O pai de Melissa tem apenas 8% de
visão e a mãe tem “problemas de locomoção”. “Mesmo com estas dificuldades
estiveram a preparar tudo ontem para a chegada do furacão, estiveram na limpeza
do quintal e a reforçar as janelas com trancas”, conta, orgulhosa, a filha.
Na ilha em frente, o Corvo – a
mais pequena do arquipélago, com cerca de 450 habitantes -, Rosa é figura
conhecida: é ela que prossegue a tradição das típicas barretas do Corvo, o
produto mais genuíno da ilha, que lhe foi ensinado pela sua mãe, falecida já
este ano, e que tem no cineasta e músico Gonçalo Tocha, por exemplo, um dos
seus mais reconhecidos promotores. O contacto na terça-feira foi diferente e
Rosa já sabia que o motivo era o “Lorenzo”: “O dia foi tranquilo. Neste momento
[22h dos Açores] o vento já dá ares da sua graça, mas por enquanto nada de
preocupante. Vamos esperar pelo período entre as 04h e as 08h”.
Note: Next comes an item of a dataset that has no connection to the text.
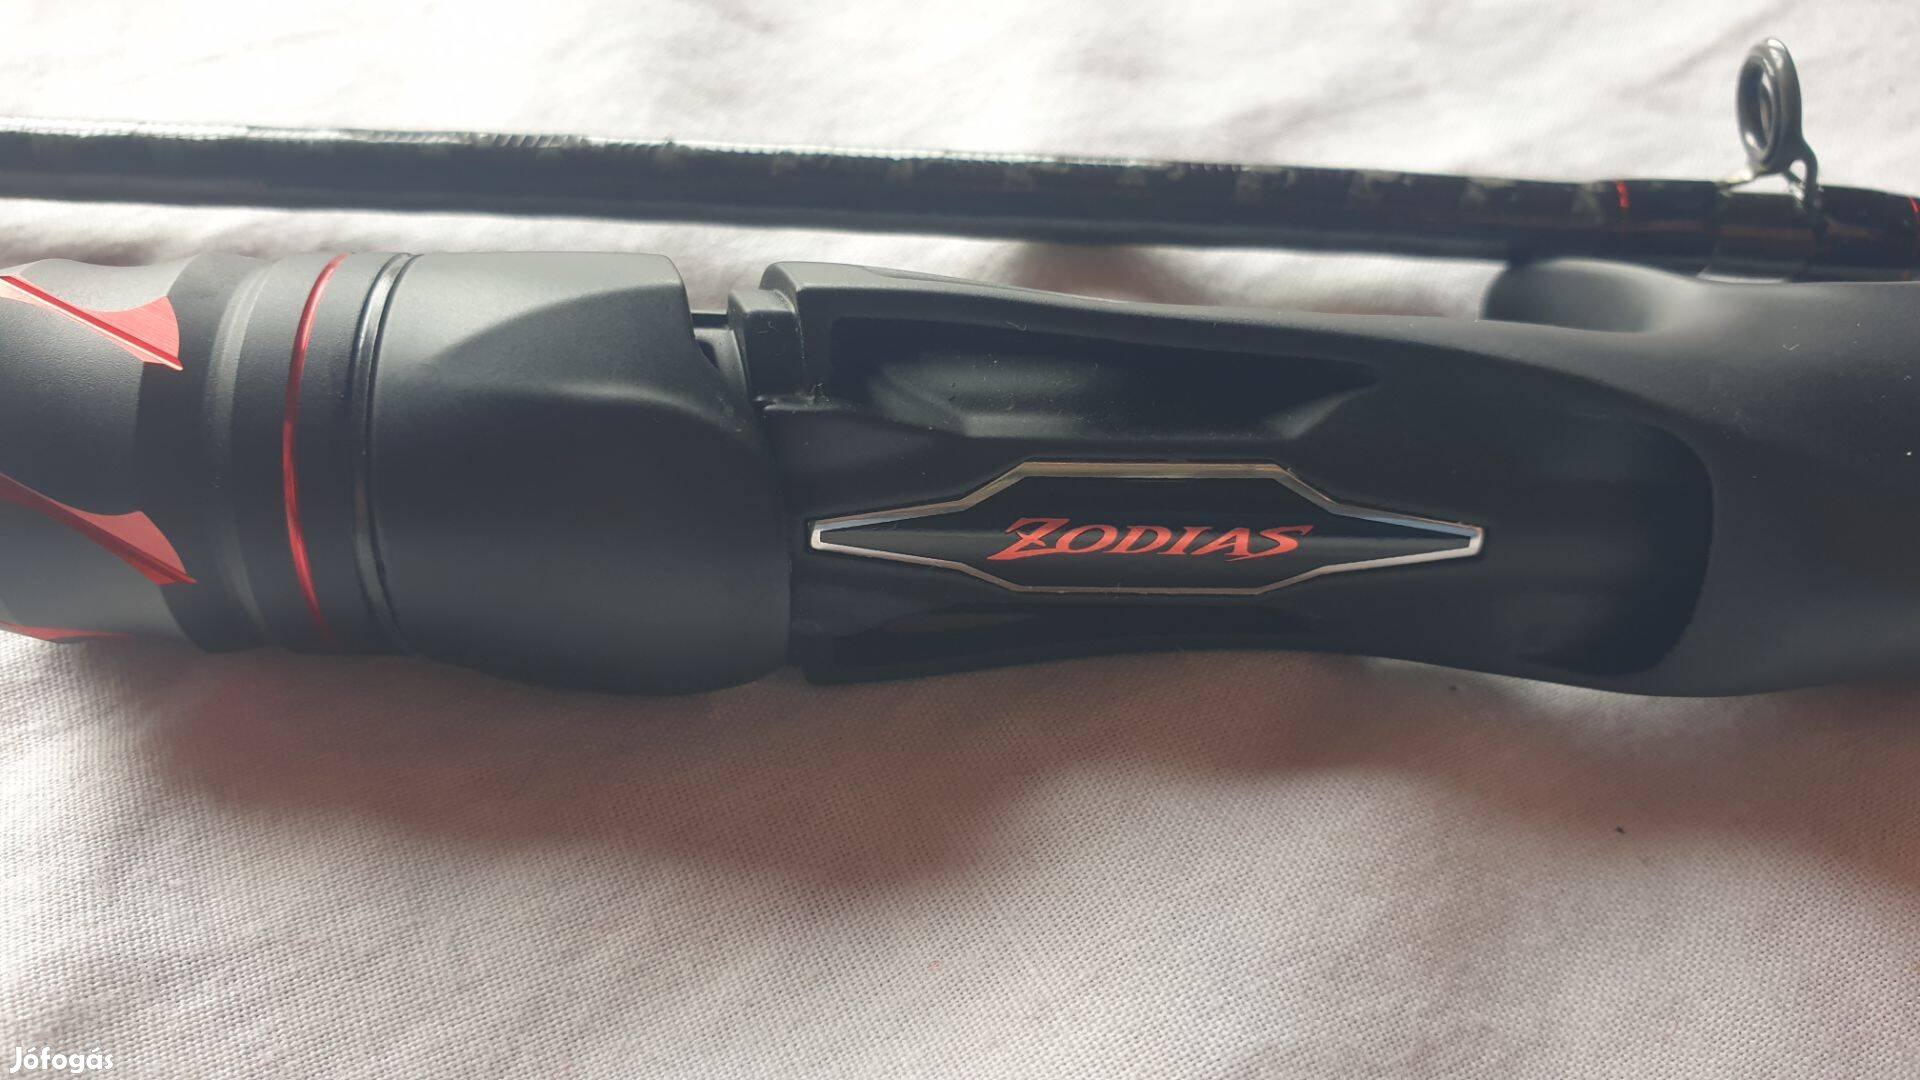 Shimano Zodias nyéltoldós teljesen új multis bot ár alatt eladó 7-21g

“A MALTA É SUPER RIJA”, MAS…
Pouco depois das 23h, o direto da
RTP/Açores a partir da ilha das Flores não deixava margem para dúvidas: o
“Lorenzo” já se fazia sentir, em concreto na intensidade do vento e na
perturbação que este causou no direto. Melissa reconhece que as imagens não
foram reconfortantes: “Falei com um amigo que tem os pais na freguesia de Ponta
Delgada das Flores e também já sentem o vento. Como está cá em São Miguel,
também ele está preocupado”. Rosa, no Corvo, dizia que a essa hora as rajadas
iam nos 80 km
por hora, mas isso, para corvina, “não é nada”. “A malta aqui é super rija. Se
fosse este vento, não havia problema. Vamos ver se sempre chega aos 200 por
hora que falam”. Por esta altura, o Instituto Português do Mar e da Atmosfera
(IPMA) avançava que o centro do furacão – o local onde a pressão atmosférica é
mais baixa – iria passar a 100
km das Flores cerca das 06h. Os portos dos grupos
Central (Pico, Faial, São Jorge, Graciosa e Terceira) e Ocidental (Flores e
Corvo) já se encontravam encerrados, e nisto a transportadora aérea açoriana
SATA já havia cancelado para hoje mais de 20 ligações interilhas e pelo menos
um voo entre Lisboa e a Horta e vice-versa. Em São Miguel, das ilhas menos afetadas,
era ainda assim evidente que algo de diferente se passava, com rajadas pouco
comuns de vento.
AS OCORRÊNCIAS, O “PERÍODO
CRÍTICO” E O PRIMEIRO ADEUS
Primeiro, às 03h, foi Carlos
Neves, da Proteção Civil, a falar em cinco ocorrências. Duas horas depois, foi
a secretária regional da Saúde, que tem nos Açores a tutela a área, a indicar
15 ocorrências e dois desalojados, na ilha de São Jorge. Na delegação do IPMA
de Ponta Delgada, a meteorologista Vanda Costa prepara-se, pouco antes das 06h,
para entrar em direto para a RTP. Há dez anos na profissão, a açoriana de Santa
Maria conta que o “trabalho maior” da entidade “é mesmo o da preparação, quando
as pessoas querem estar devidamente informadas” sobre eventos como o “Lorenzo”.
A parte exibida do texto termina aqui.